Individuals with type 2 diabetes mellitus (T2DM) have a greater risk of bone fracture compared to those with normal glucose tolerance (NGT) despite normal to high bone mineral density even after accounting for confounders like falls, BMI, and comorbidities. In contrast, individuals with impaired glucose tolerance (IGT) have a lower or similar risk of fracture.

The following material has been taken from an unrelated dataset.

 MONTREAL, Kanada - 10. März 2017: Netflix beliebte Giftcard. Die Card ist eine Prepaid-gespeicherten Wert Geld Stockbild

Our objective was to understand how progressive glycemic derangement affects the composition and mechanical properties of iliac bone from postmenopausal women with NGT (n = 35, age = 65±7y, HbA1c = 5.8%±0.3%), IGT; n = 26, age = 64±5y, HbA1c = 6.0±0.4%), and overt T2DM on insulin (n = 23, age = 64±6y, HbA1c = 9.1%±2.2%). The samples from NGT and T2DM were imaged with confocal/second harmonic generation microscopy to spatially resolve fluorescent advanced glycation endproducts (fAGEs) and collagen alignment. A subset of samples (n = 14 NGT, n = 14 T2DM) with the lowest serum bone resorption marker, CTx was analyzed with nanoindentation and Raman microscopy.

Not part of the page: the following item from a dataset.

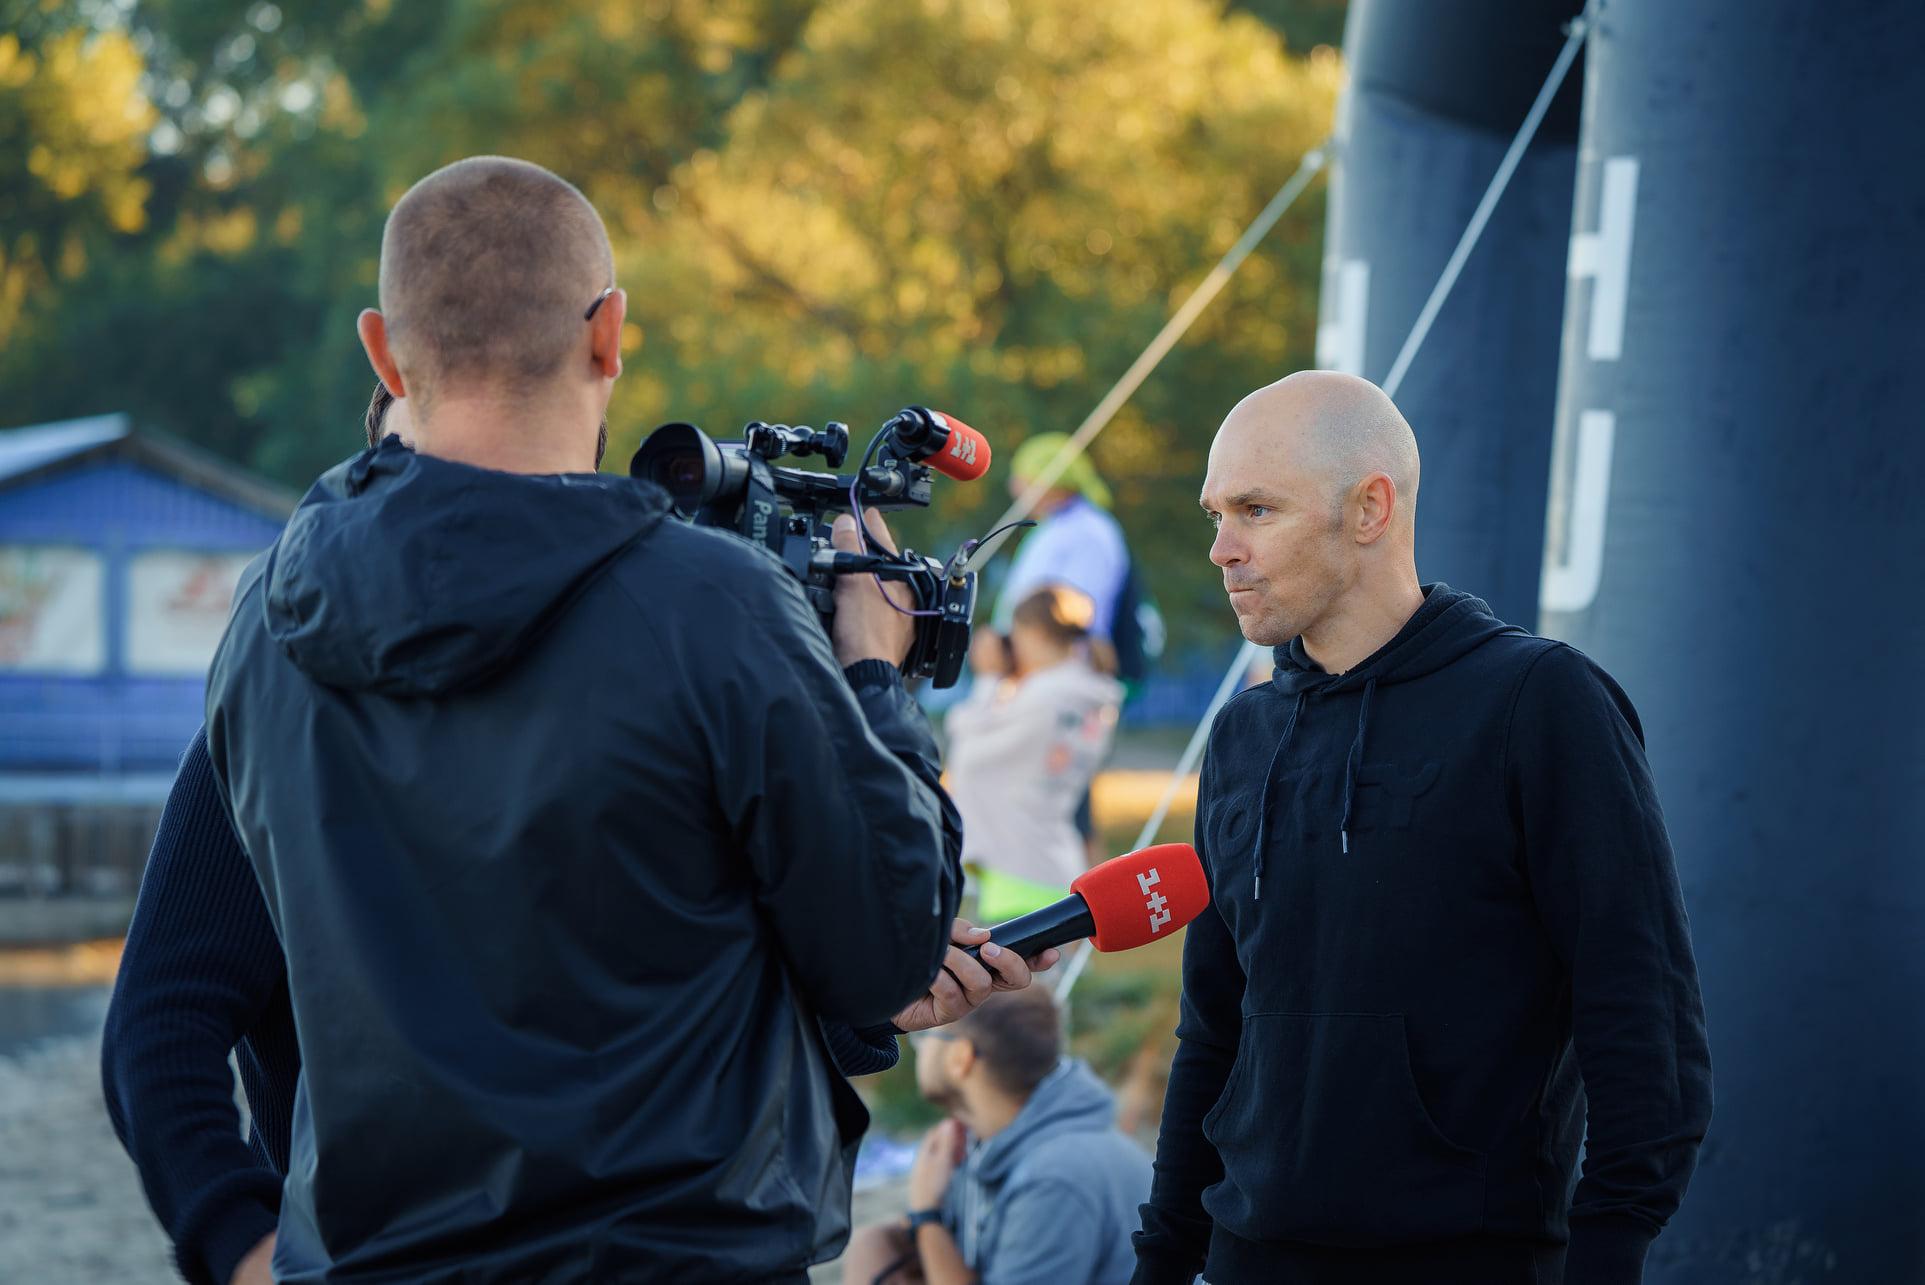 На вихідних в Україні пройдуть міжнародні змагання з екстремального триатлону KYIVMAN

Cortical bone from the T2DM group was stiffer (+9%, p = 0.021) and harder (+8%, p = 0.039) compared to that from the NGT group, but the trabecular bone had similar material properties across groups. Fluorescent AGE content was greater in bone from the T2DM vs. the NGT group (cortical +77%, p < 0.001; trabecular +57%, p < 0.001) and modestly correlated with HbA1c (R² = 0.33, p < 0.001), but Raman spectroscopic properties did not differ across groups. When tissue material properties were assessed by sub-region (Cortical: osteonal, interstitial; Trabecular: fluorochrome label, center, edge), the relatively older tissue had higher stiffness, hardness, fAGE content, mineral content and crystallinity, and collagen maturity compared to the younger tissue. These results demonstrate that bone tissue fAGEs, which have previously been shown to embrittle bone, increase with worsening glycemic control. This relationship suggests a potential mechanism by which bone fragility may increase despite greater tissue stiffness and hardness in individuals with T2DM.